• DATA SEGMENT:
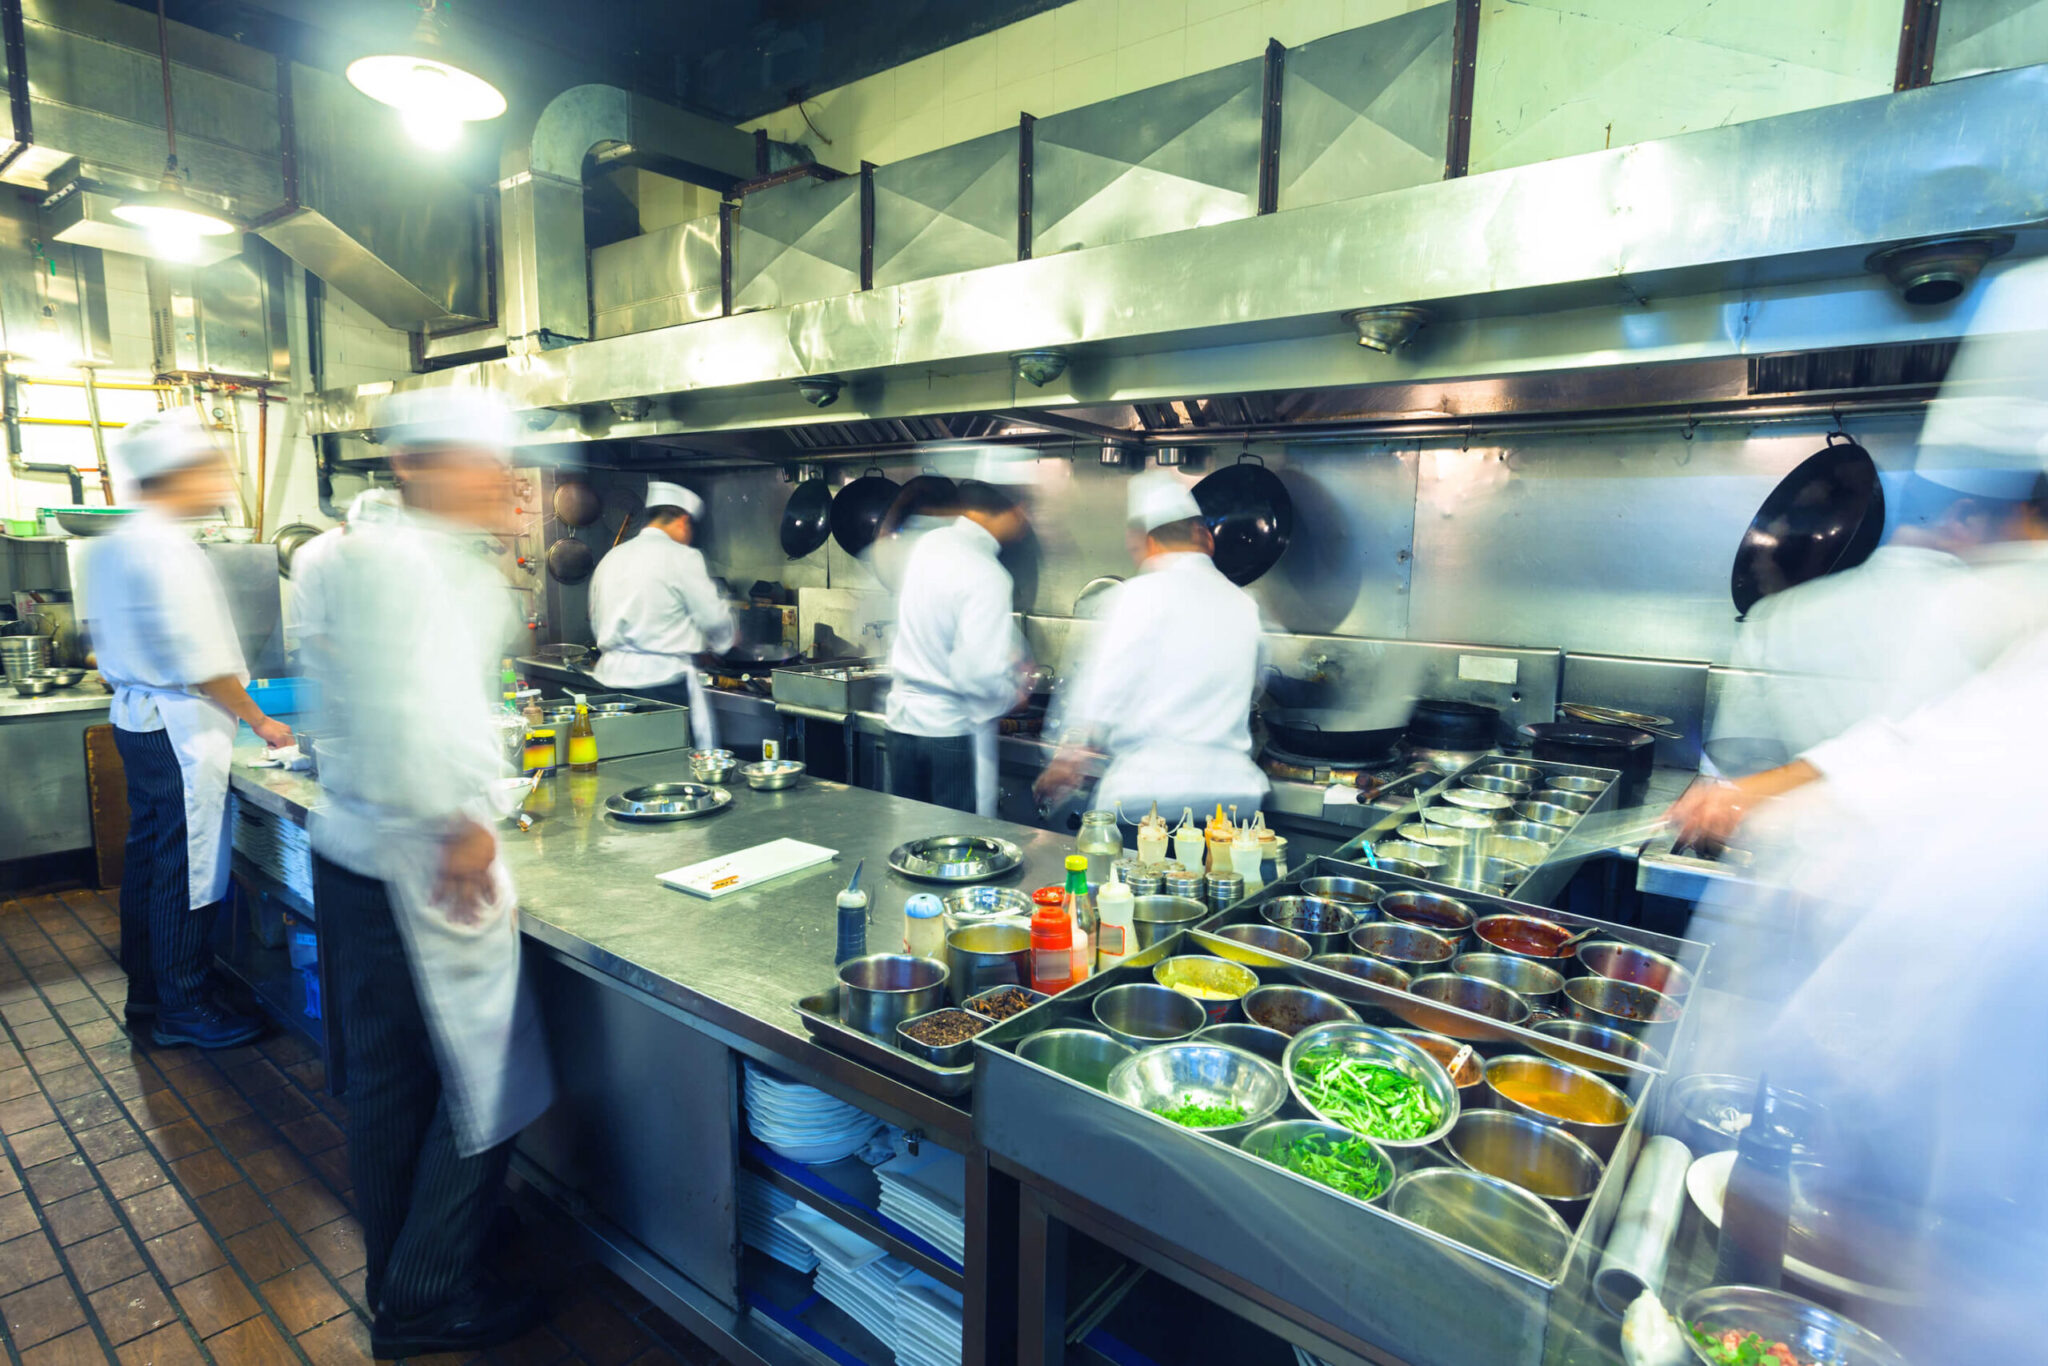 Range Hood Filters for your commercial kitchen
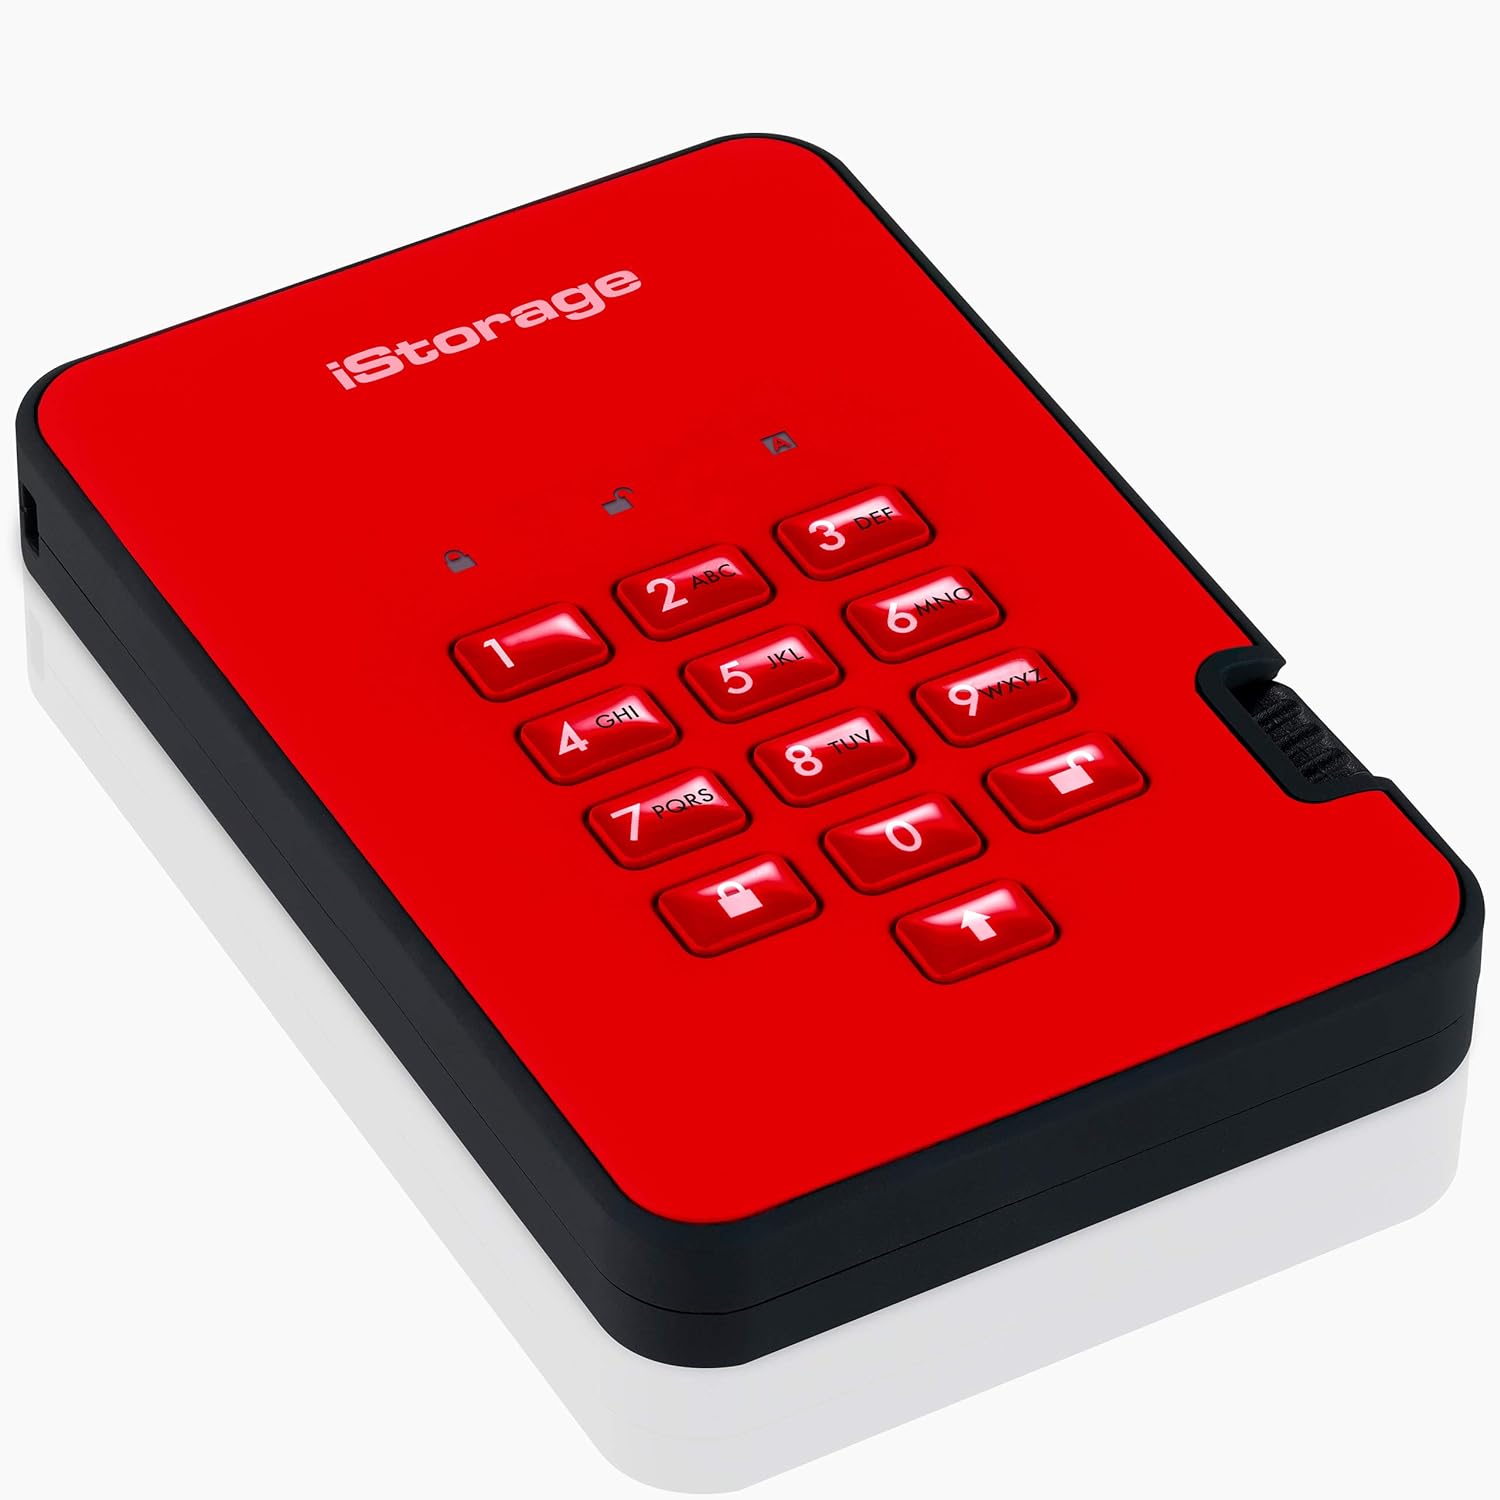 iStorage diskAshur2 HDD 2TB Red - Secure portable hard drive - Password protected, dust and water resistant, portable, military grade hardware encryption USB 3.1 IS-DA2-256-2000-R
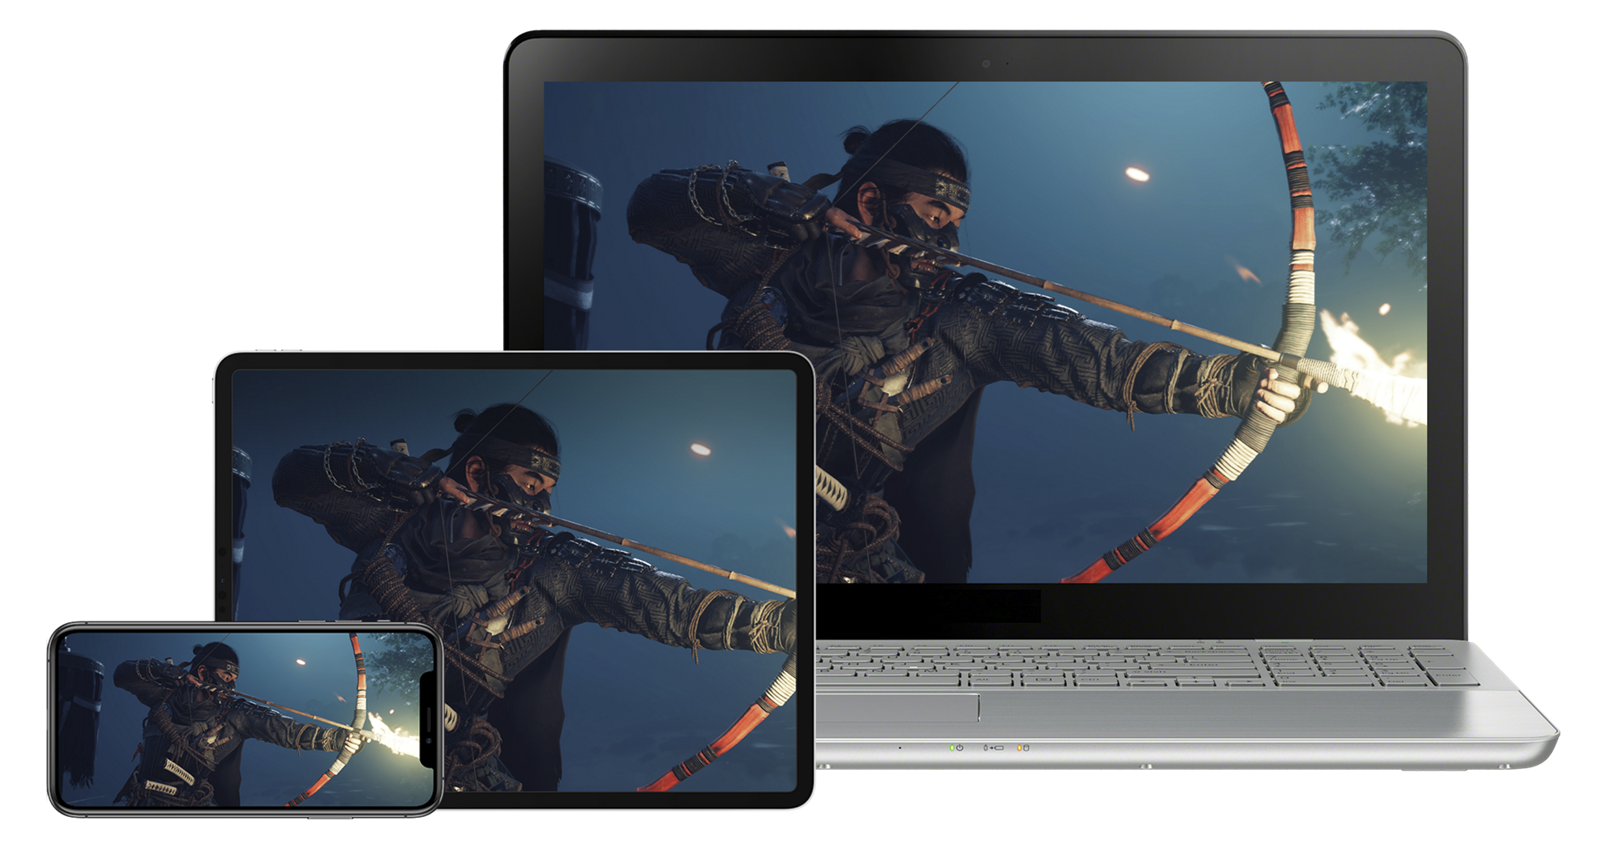 Apps for Macbook /PS4 Remote Play:

• WORK REQUEST:
Would you please copy the listing exactly, omitting every picture?

• FINISHED EXERCISE:
 Range Hood Filters for your commercial kitchen
 iStorage diskAshur2 HDD 2TB Red - Secure portable hard drive - Password protected, dust and water resistant, portable, military grade hardware encryption USB 3.1 IS-DA2-256-2000-R
 Apps for Macbook /PS4 Remote Play:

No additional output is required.